Malam itu Jongin menangis di tempat tidurnya. Baekhyun dan Jongdae berusaha menghiburnya walaupun tidak berhasil. Setiap bujukan yang mereka katakan hanya dibalas Jongin dengan, "Harusnya aku yang berada di posisi si Park itu!" Mereka berdua menghela nafas, tahu kalau percuma membujuk Jongin sebenarnya.

Sampai Jongdae berkata, "Jongin," panggil Jongdae pelan, "kau yakin tempatnya Chanyeol yang kau inginkan bukan sesuatu yang lain?" Tangisan Jongin berhenti. Butuh beberapa menit untuk Jongin sadar apa yang dimaksud Jongdae dan dia tahu Jongdae benar. Dia tidak ingin menjadi sahabatnya Sehun. Dia menginginkan lebih dari itu. Saat Sehun sedang bersedih Jongin sangat ingin menghiburnya. Saat Chanyeol marah dan tidak berbicara pada Sehun selama dua bulan Jongin ingin menghampiri Sehun dan mengatakan pada Sehun kalau dia tidak akan pernah melakukan apa yang Chanyeol lakukan kalau Sehun memberikannya kesempatan. Tidak, jelas Jongin tidak hanya ingin menjadi teman Sehun.

Dia ingin mencintai Sehun seperti hari pertama di depan perpustakaan kota dia sudah mengetahuinya. Bahwa Sehun itu untuk dicintai sepenuhnya, seposesif mungkin tanpa mempedulikan apa pun yang terjadi dan tanpa sedikit pun keraguan. Dan setiap dia sadar kalau bukan dia yang memberikan afeksi itu pada Sehun, hatinya semakin hancur.
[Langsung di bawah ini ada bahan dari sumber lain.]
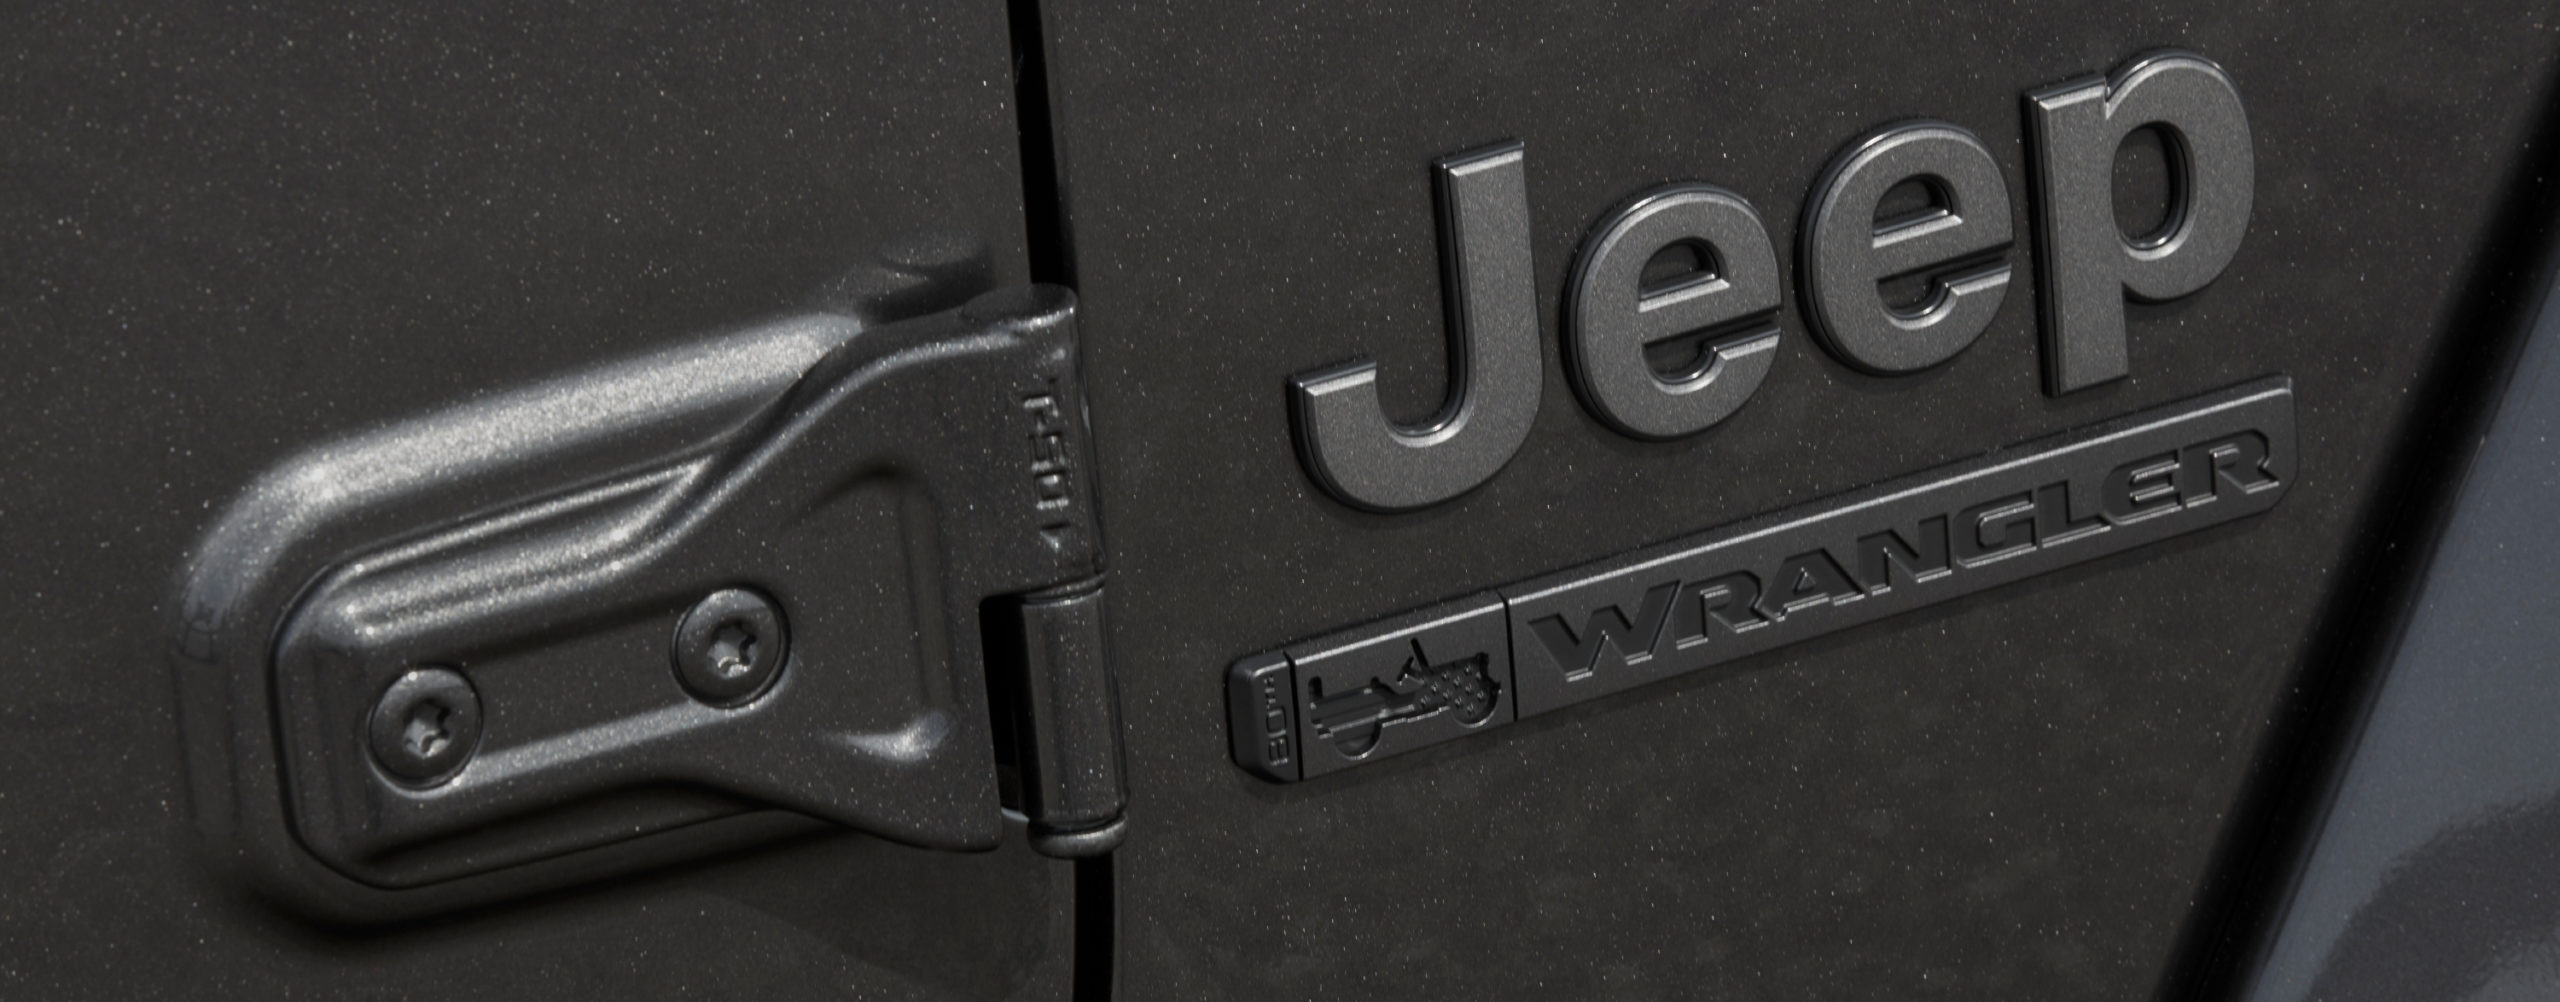 Jeep celebra su 80 Aniversario con Ediciones Especiales

Tahun terakhir mereka di sekolah menengah sesuatunya semakin memburuk untuk Jongin. Ayahnya tertangkap karena korupsi dan dijatuhi hukuman mati. Ibunya yang tidak kuat menanggung malu pun bunuh diri menyusul Ayahnya. Jongin?


Jongin menghabiskan cokelat panasnya duduk di sofa kesayangannya ditemani salju yang turun di sore ini. Perapian yang dinyalakannya memancarkan kehangatan ke tubuhnya yang tertutup oleh sweater hijau besar kesayangannya. Sehun selalu bagus dengan warna hijau, maka dari itu dia suka warna hijau. Jongin menghela nafas. Kenapa yang dipikirannya cuma Sehun?

Sejak lulus tidak banyak yang terjadi pada Jongin. Rumahnya disita sehingga dia harus pindah ke villa peninggalan neneknya di dalam hutan yang jauh dari desa apalagi kota tempat tinggalnya dulu. Disini dia tidak akan dihakimi karena sudah menjadi anak koruptor. Setidaknya disini dia punya cukup banyak waktu untuk bercocok tanam, belajar tentang seni mengobati. Terima kasih kepada Ayahnya yang membuatnya tidak dapat berkuliah. Beberapa bulan pertama Jongin bahkan menjual barang peninggalan kakek, nenek, dan ibunya di desa hanya untuk makan. Jongin banyak belajar disini, diantara perutnya yang lapar, dinginnya malam yang dilewati, dia harus bisa bertahan hidup. Demi Sehun.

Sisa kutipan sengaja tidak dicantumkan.